There's so much joy in life, so many pleasures all around, but the pleasure of insomnia is one I've never found. -- Barenaked Ladies, Who Needs Sleep

In the event of zombie attack, head to a Sharper Image store

I just saw a commercial for a new super-powered juicer/salsa-maker/food processor thingie. I wish I had a picture to show you because I haven’t posted a new IT in months.
The reason I bring this up is that during the commercial they show a CGI sequence of some piece of fruit being rendered into juice by this device, just like in CSI, when the criminalists theorize how some piece of evidence relates to the crime.
I use this analogy because in this CGI dramatization, the millions of tiny rotating blades of the sarlaak juicer basically cause the small CGI peach (or maybe it was a nectarine. It’s hard to tell in CGI) to liquefy instantly, exploding in a shower of peachy (or nectariney) gore. And the first thing I thought was “My god, can you imagine what that would do to a man’s hand if he got caught in one?”

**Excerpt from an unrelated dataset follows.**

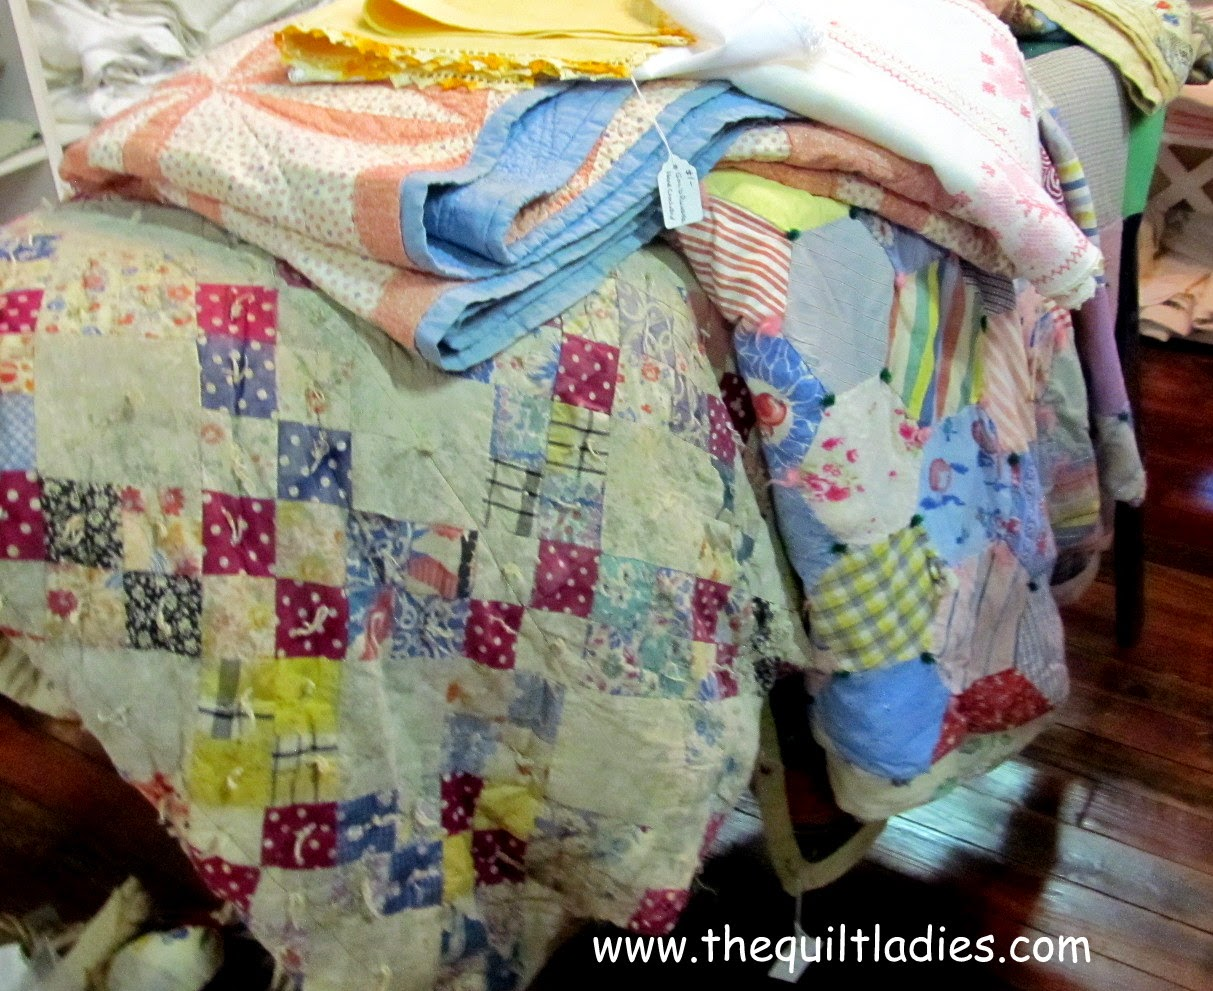 Quilts in Arcadia, Florida
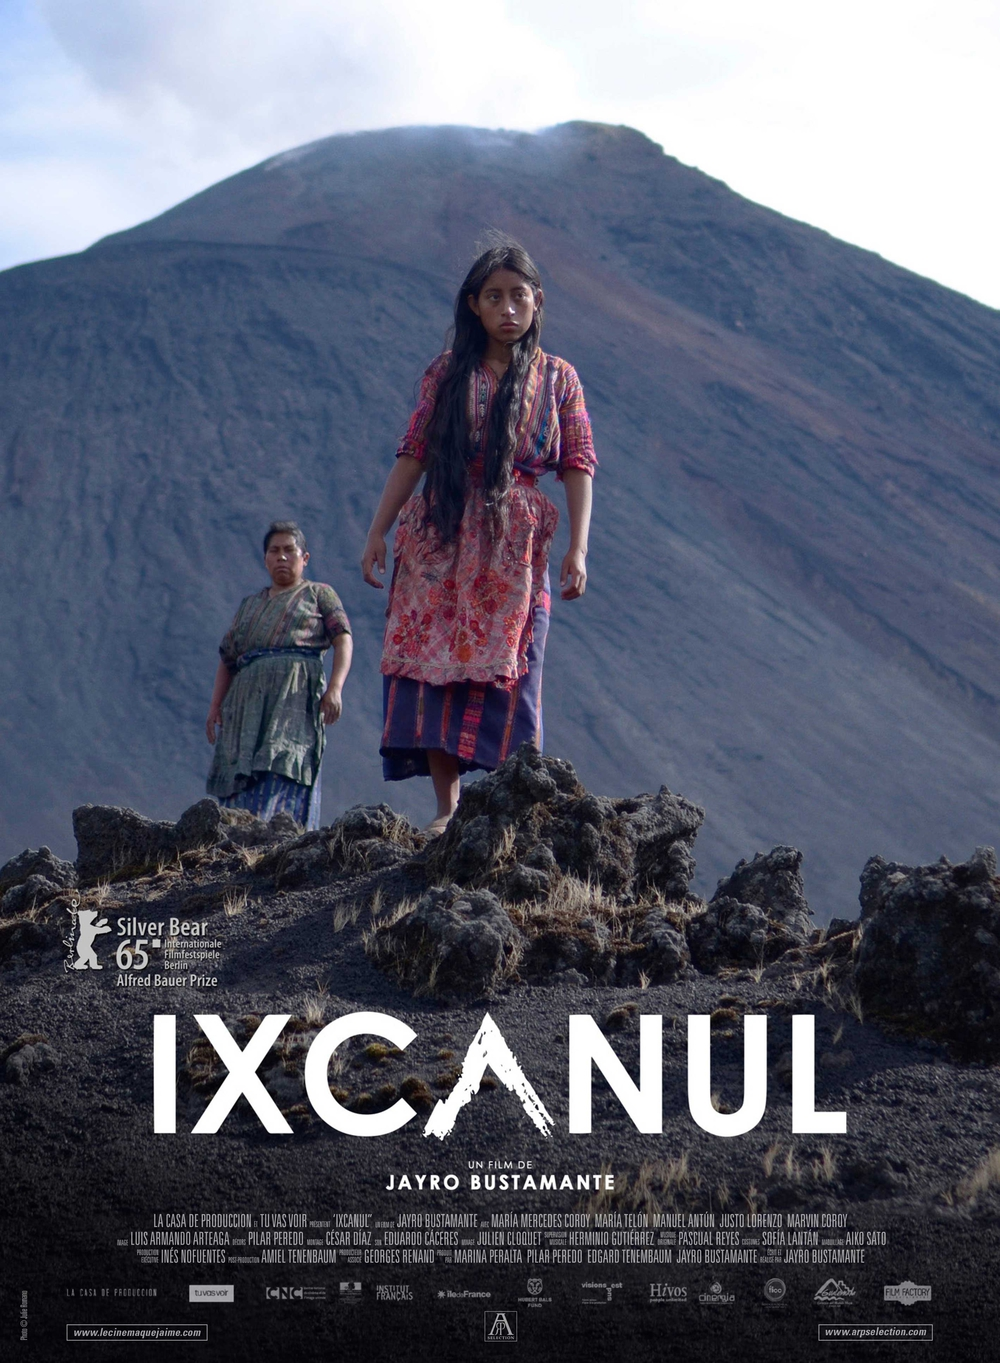 ixcanul-poster-vulcano.jpg

And then my mind concocted all sorts of wild scenarios whereby the mafia might grab you for defaulting on your shady debts and, say, make you stick your hand or face or penis into a Sharper Image Juicer.
I think maybe I watch too many crime dramas.
Also, the preppy tween boy and girl that mom hands glasses of their pureed father ocra juice to at the end are absolutely adorable.